The genealogy of the Cavilrests and Shorbeddes has been a passing interest of mine for some time, and I have dabbled before, though tending to avoid the commercial genealogy emporia and also avoiding the fantastic and fantastically-accessible research and resources of the Church of the Latter Day Saints so as at least to not be complicit in giving up everything I know about my family to the end-times soul-colonization program.

Nowadays, though, in light of the massive collections of all transmitted information by certain intelligence organizations (themselves well populated with LDS adherents, who, as a class are just right for responsible top secret positions, for their well known clean living, worldliness, and respect for authority), which will be subjected to various automated and personalized interrogations, perhaps minimized, and then stored in a mammoth facility in Utah (not to mention Google, Facebook, Apple, Amazon, and all the rest of the big-data collection and collation points) for whoever gains access to use to whatever ends they choose, continuing to not take advantage of the LDS genealogy resources would be just like that proverb about the door of that barn from which the horses have already departed.
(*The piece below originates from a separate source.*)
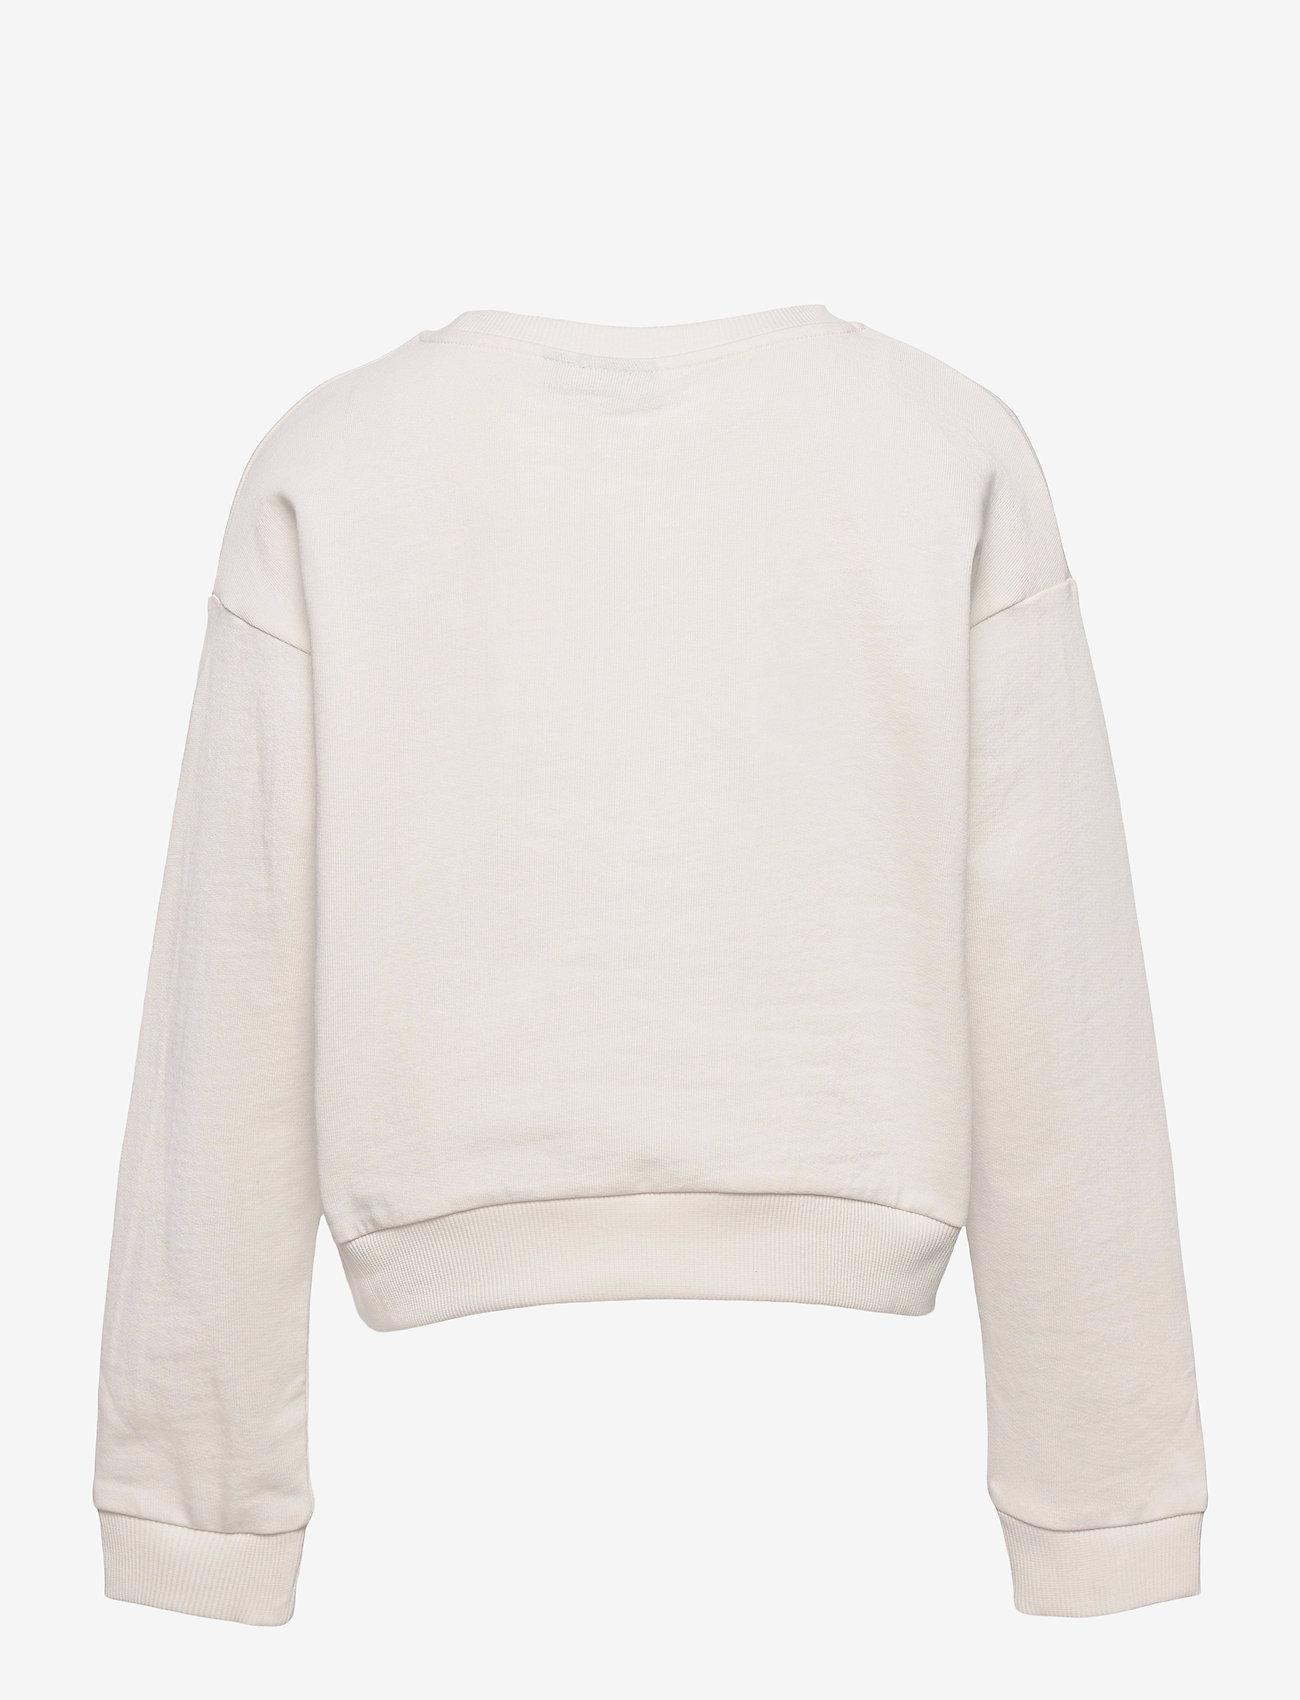 LMTD - NLFFETROS LS SHORT SWEAT - sweatshirts - snow white - 1

I have found a lot of stuff - the richest and most consistent vein, so far, being the Quebec Catholic Parish Registers where Cavilrest is spelled sixty-seven different ways, cross-referenced with this map of the parishes - but have not gotten to the root of the ancestral rage. It stands to reason that those who packed up and left their wherever-they-were-from and sailed two or three months blindly across the north Atlantic, took the land they found on the other side by force and trickery from the people who inhabited it, cleared the forests and then farmed for subsistence for generations north of the forty-fifth parallel, likely started out with some rage to have undertaken such arduous trials in the first place. But I bet the not-really-subsistence farming didn't help, nor the fact that, however far away one may go, before long other people are going to show up there and subject one to their opinions.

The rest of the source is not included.